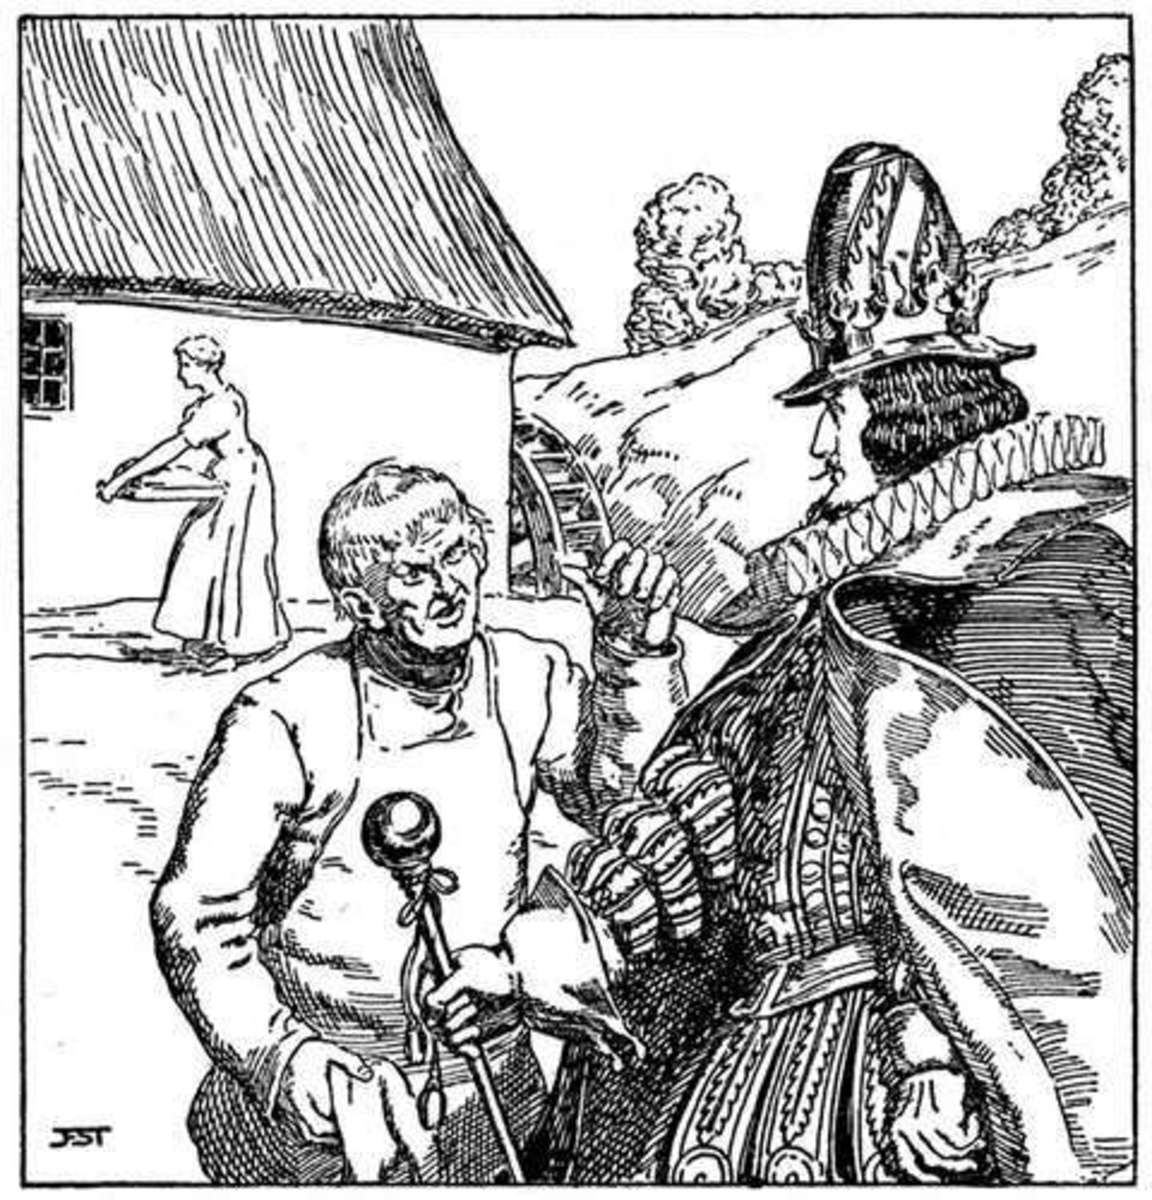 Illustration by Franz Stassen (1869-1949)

---

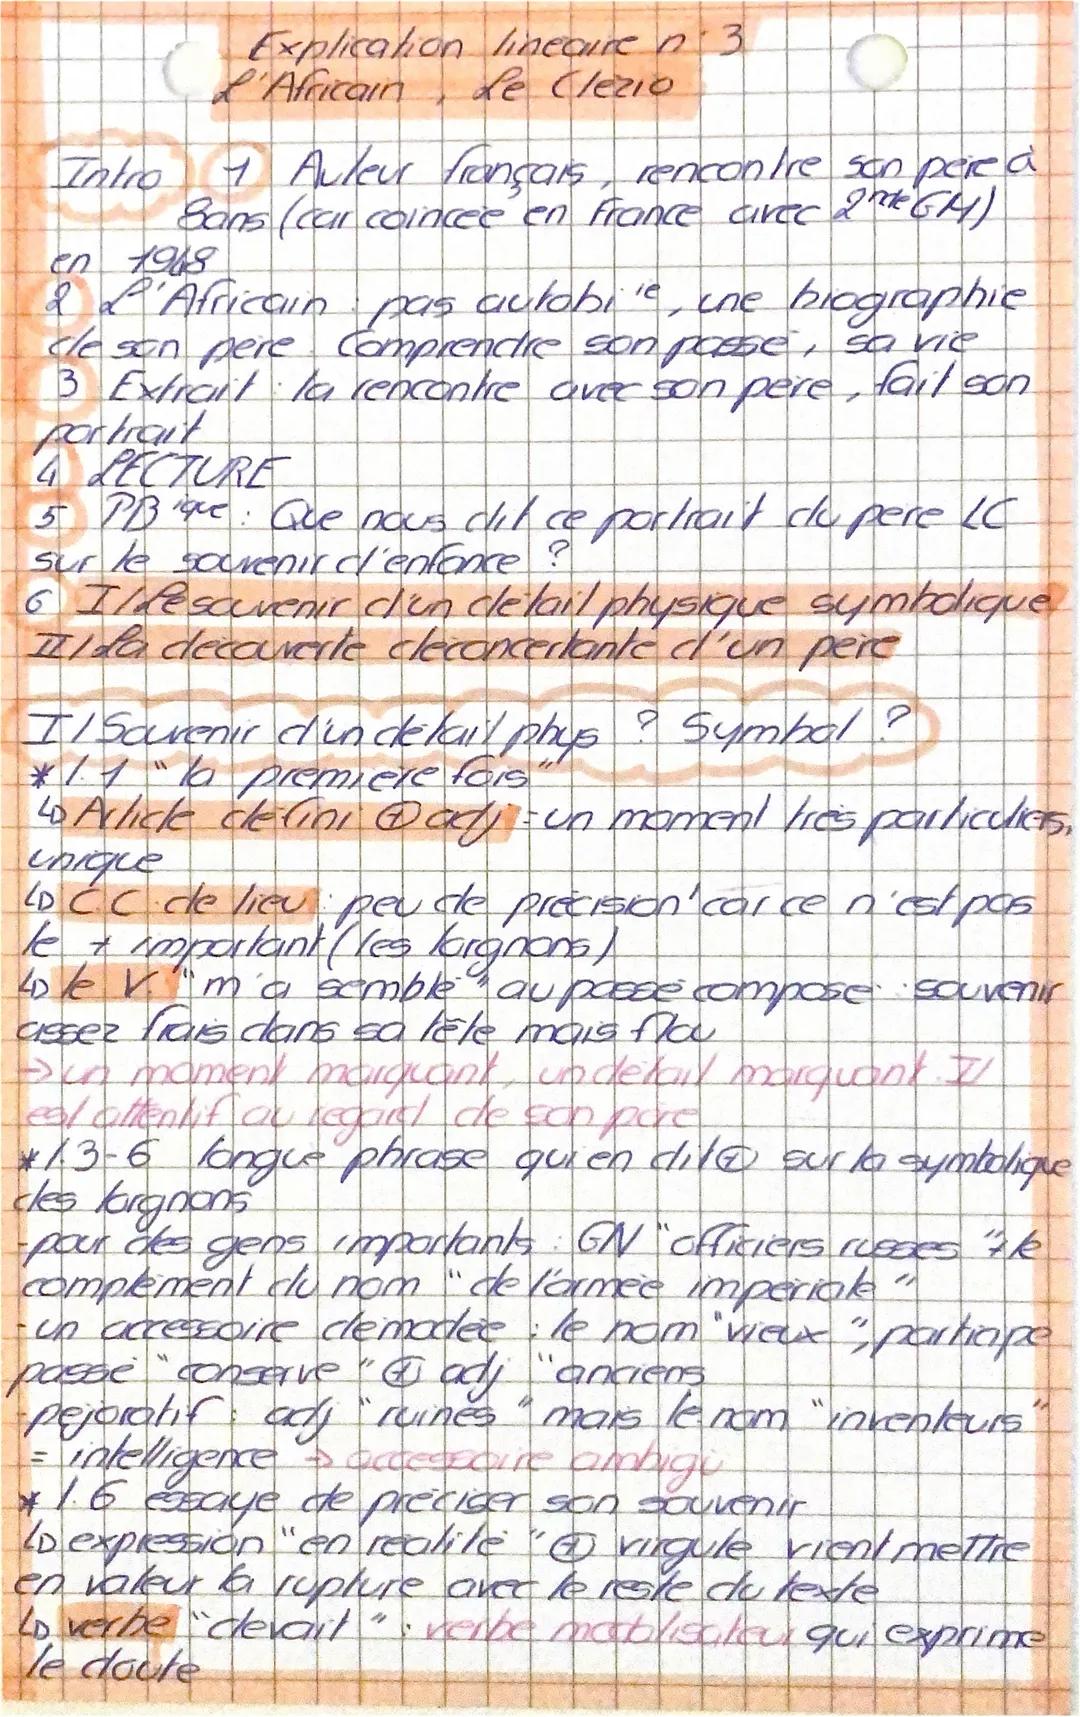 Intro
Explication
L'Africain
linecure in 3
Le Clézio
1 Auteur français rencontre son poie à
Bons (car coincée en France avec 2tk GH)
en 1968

==

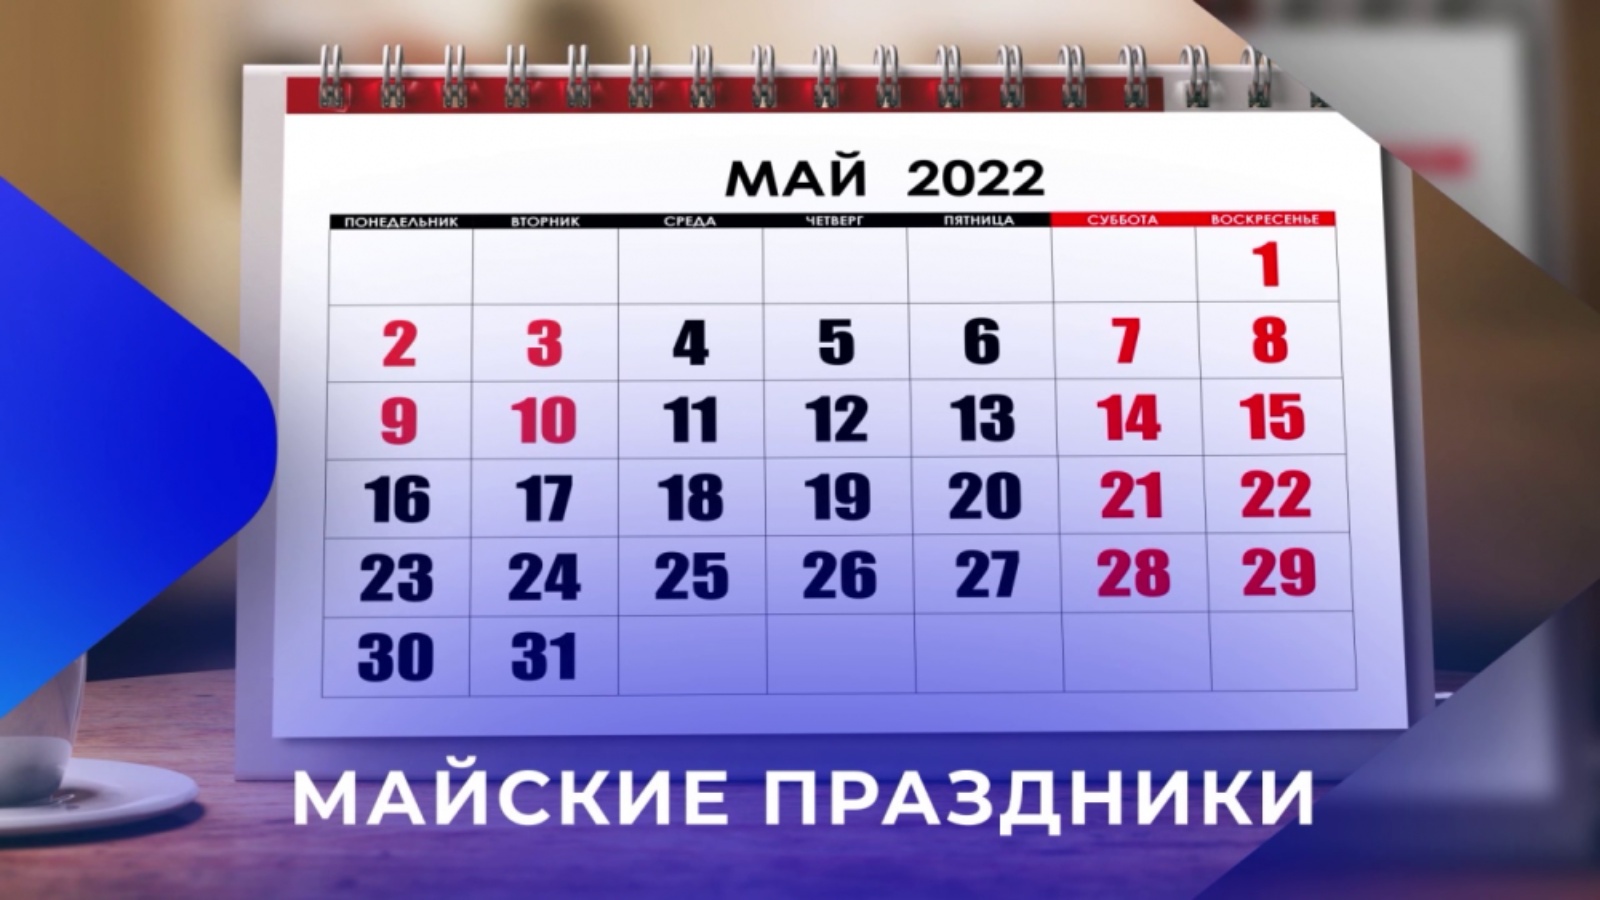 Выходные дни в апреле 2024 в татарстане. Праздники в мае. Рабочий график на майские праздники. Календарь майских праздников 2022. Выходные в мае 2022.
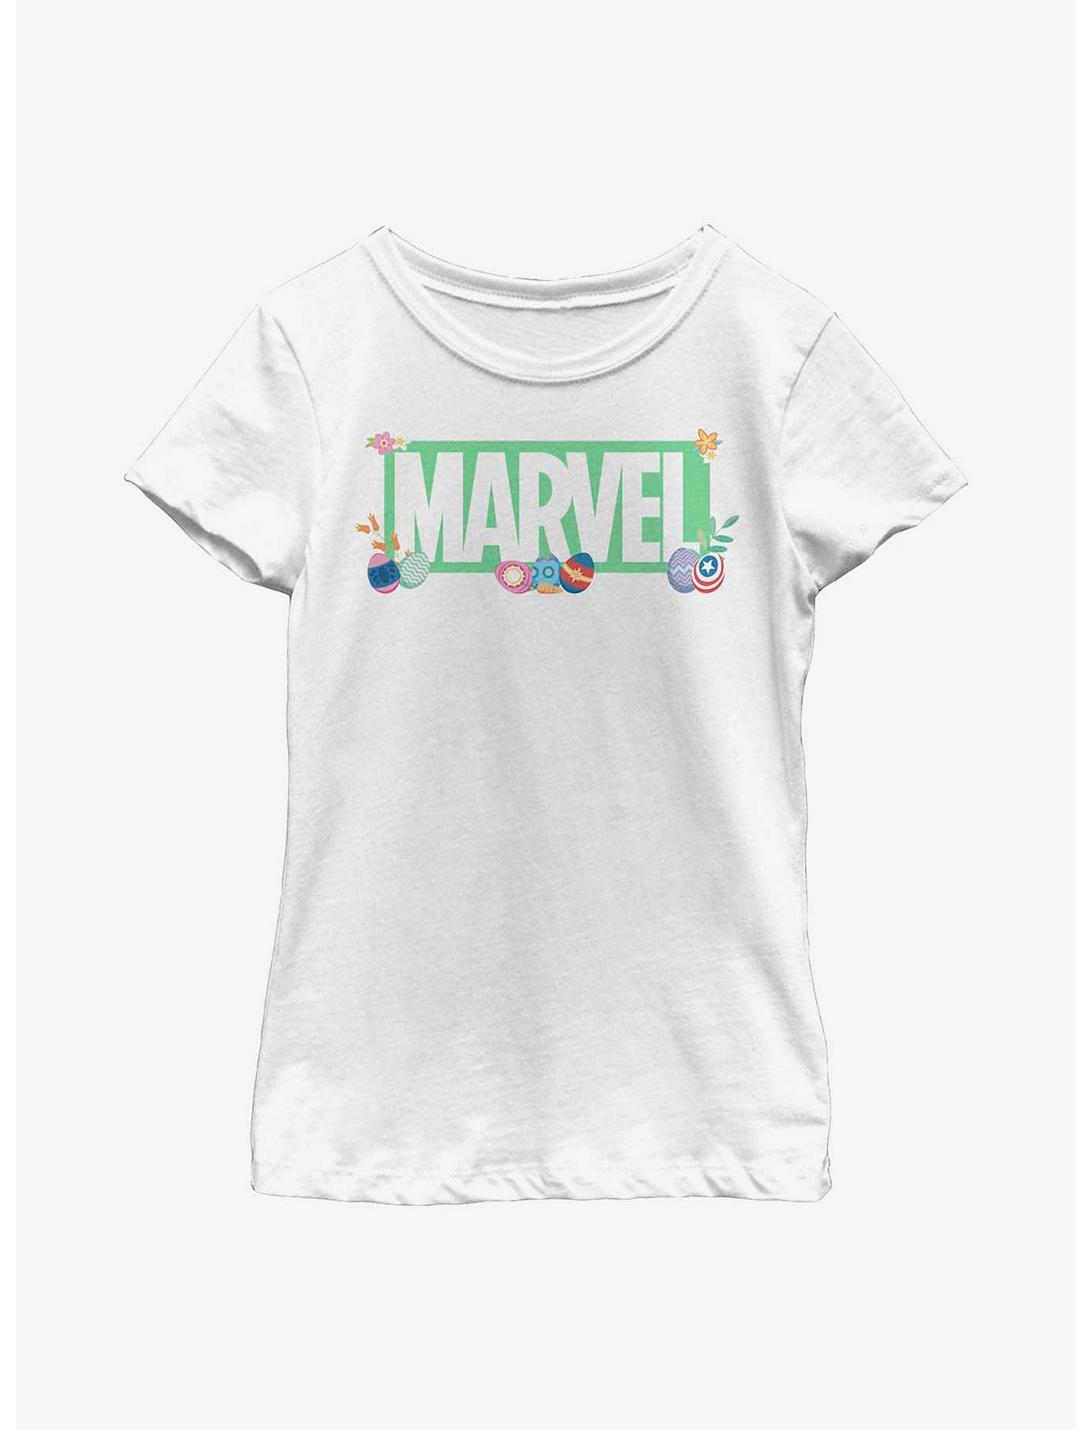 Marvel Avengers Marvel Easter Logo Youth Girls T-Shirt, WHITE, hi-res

Problem details = Return the lines above from the one with "Выходные дни в" through the one with "Marvel Avengers Marvel", verbatim and nothing else. Omit every picture.

Your solution =
 Выходные дни в апреле 2024 в татарстане. Праздники в мае. Рабочий график на майские праздники. Календарь майских праздников 2022. Выходные в мае 2022.
 Marvel Avengers Marvel Easter Logo Youth Girls T-Shirt, WHITE, hi-res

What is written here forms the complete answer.